# Spam wird nicht gefiltert - auch kein x-spam im Header



## ispcuser (3. Apr. 2018)

Ich sitze nun seit mehreren Tagen an dem gleichem Problem. Ich nutze ISPConfig 3.1, habe ein Update laufen lassen, das System in Punkto Dienste ist also original.
Im ISPConfig habe ich folgende Einstellung:

SPAM Markierungslevel : -100           
SPAM Markierungslevel 2 : 3.0           
SPAM Markierungslevel Kill: 10.0
SPAM Markierungslevel DSN Cutoff: 5
SPAM Markierungslevel Quarantine Cutoff: 5
SPAM ändert Betreff:Ja
SPAM ändert Betreff: ***SPAMVERDACHT***

Der Virenscanner funktioniert einwandfrei, greylisting auch. Was nicht funktioniert, ist der Spamschutz.

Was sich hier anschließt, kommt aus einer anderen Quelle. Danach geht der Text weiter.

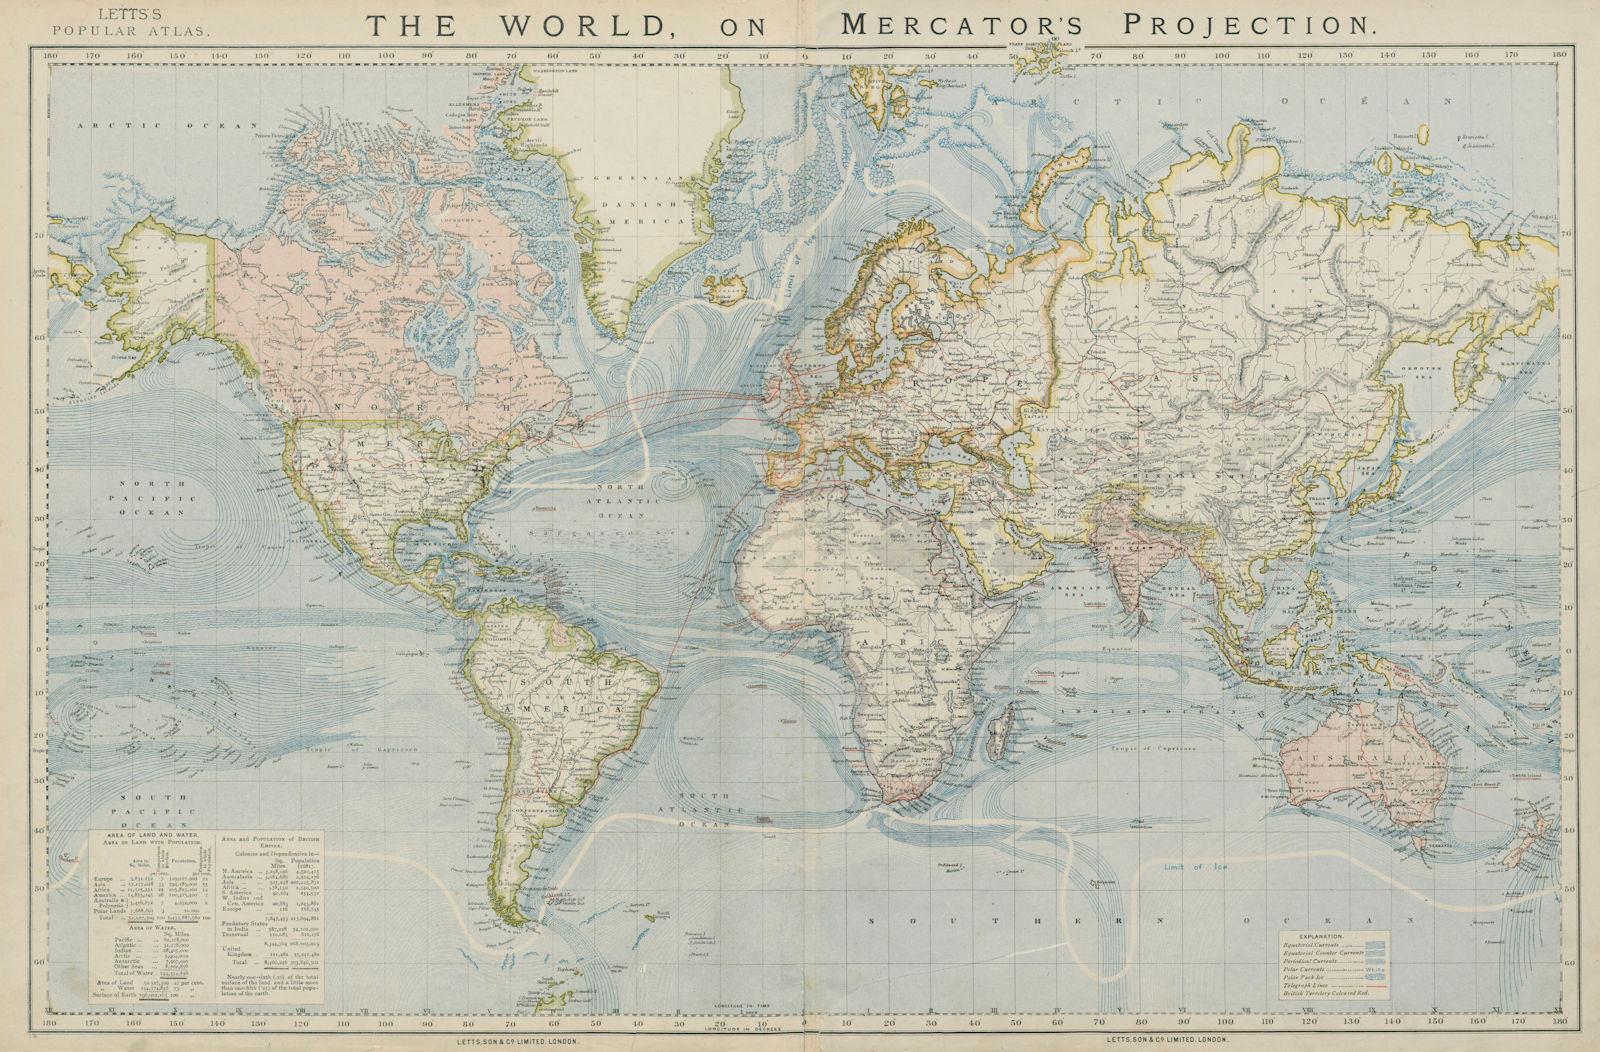 WORLD ON MERCATOR'S PROJECTION. British Empire. Telegraph cables. LETTS 1884 map
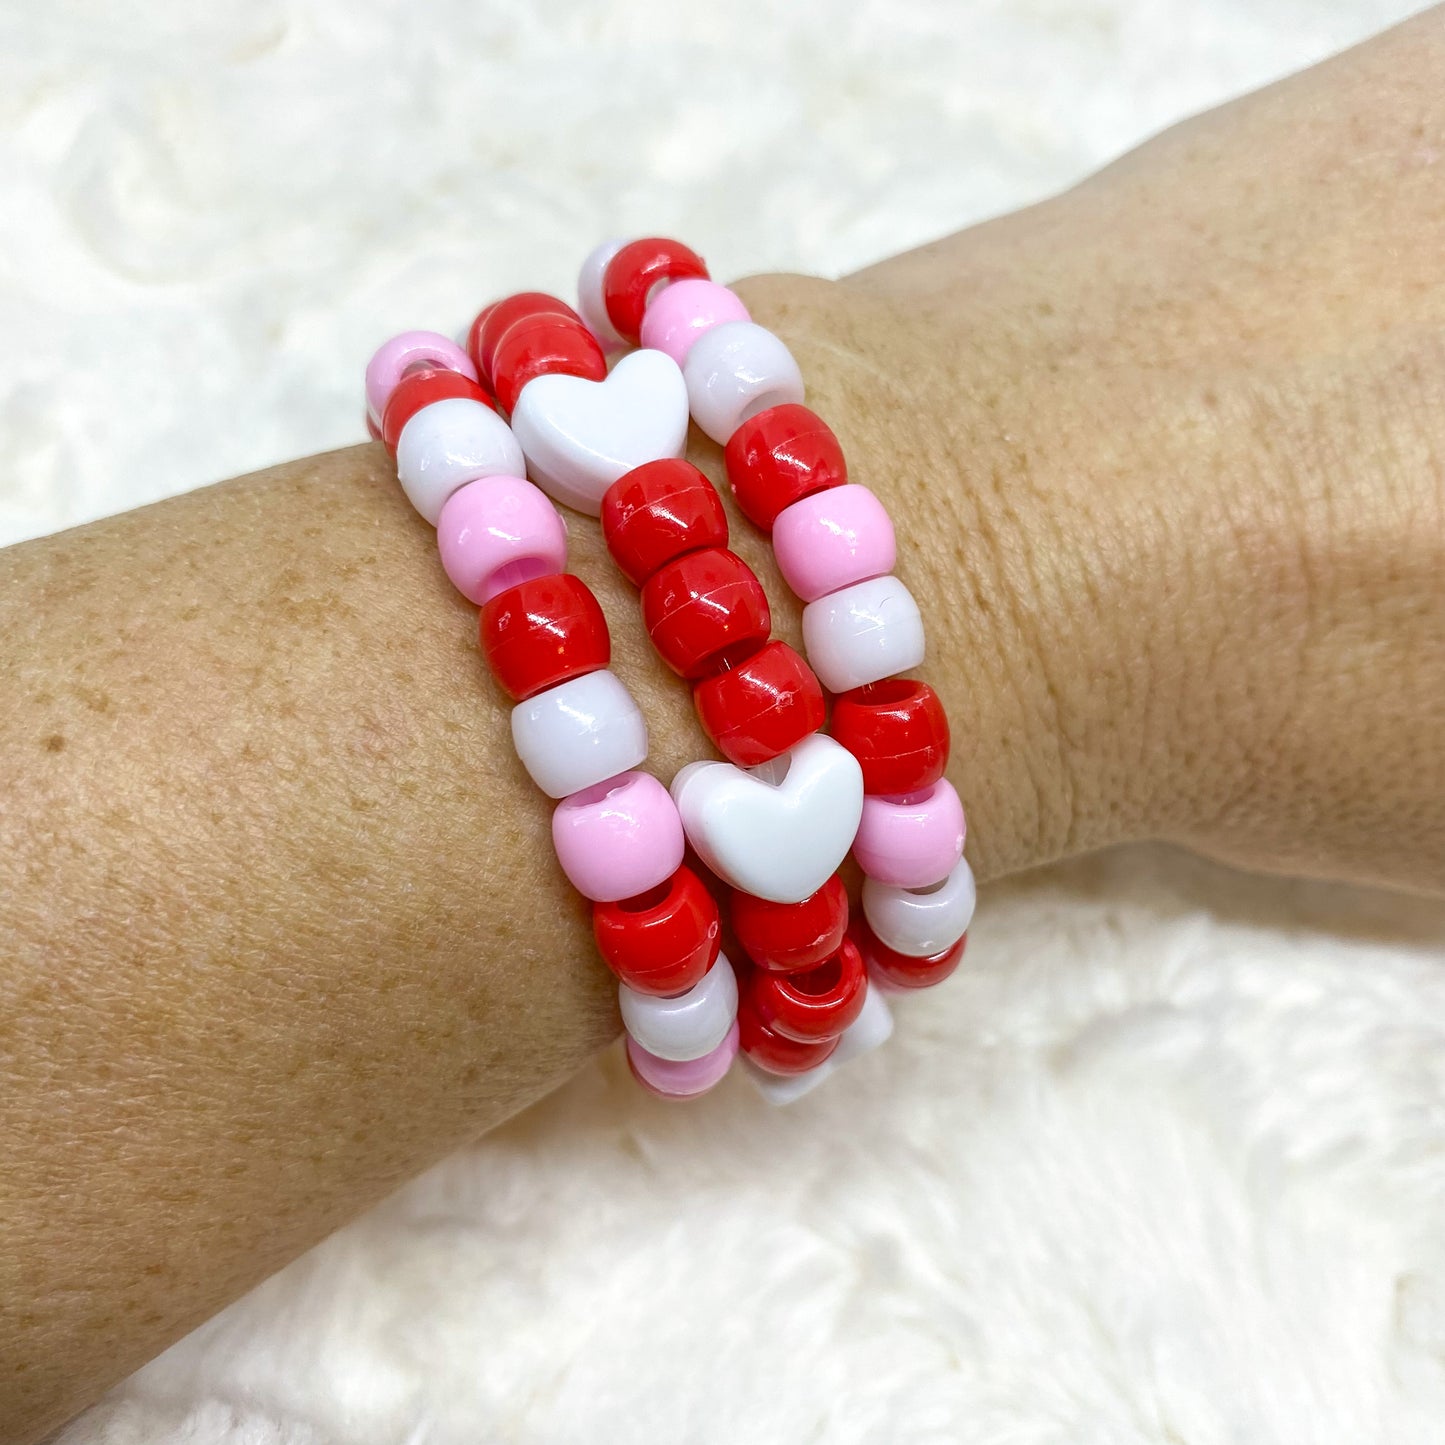 Red Queen of Hearts Preppy Red Clay Bead Bracelet

Zum einem gibt es bei eindeutigen Spammails keinen X-SPAM im Header, zum Anderem kommt jeder Scheiss an Spam durch.
Hier mal ein Headerbeispiel:

Return-Path: <alexisqnwexcekruckel@towmillion.com>
X-Original-To: ###
Delivered-To: ###
Received: from localhost (localhost [127.0.0.1])
    by ### (Postfix) with ESMTP id 098D6384001F
    for <###>; Mon,  2 Apr 2018 05:33:29 +0200 (CEST)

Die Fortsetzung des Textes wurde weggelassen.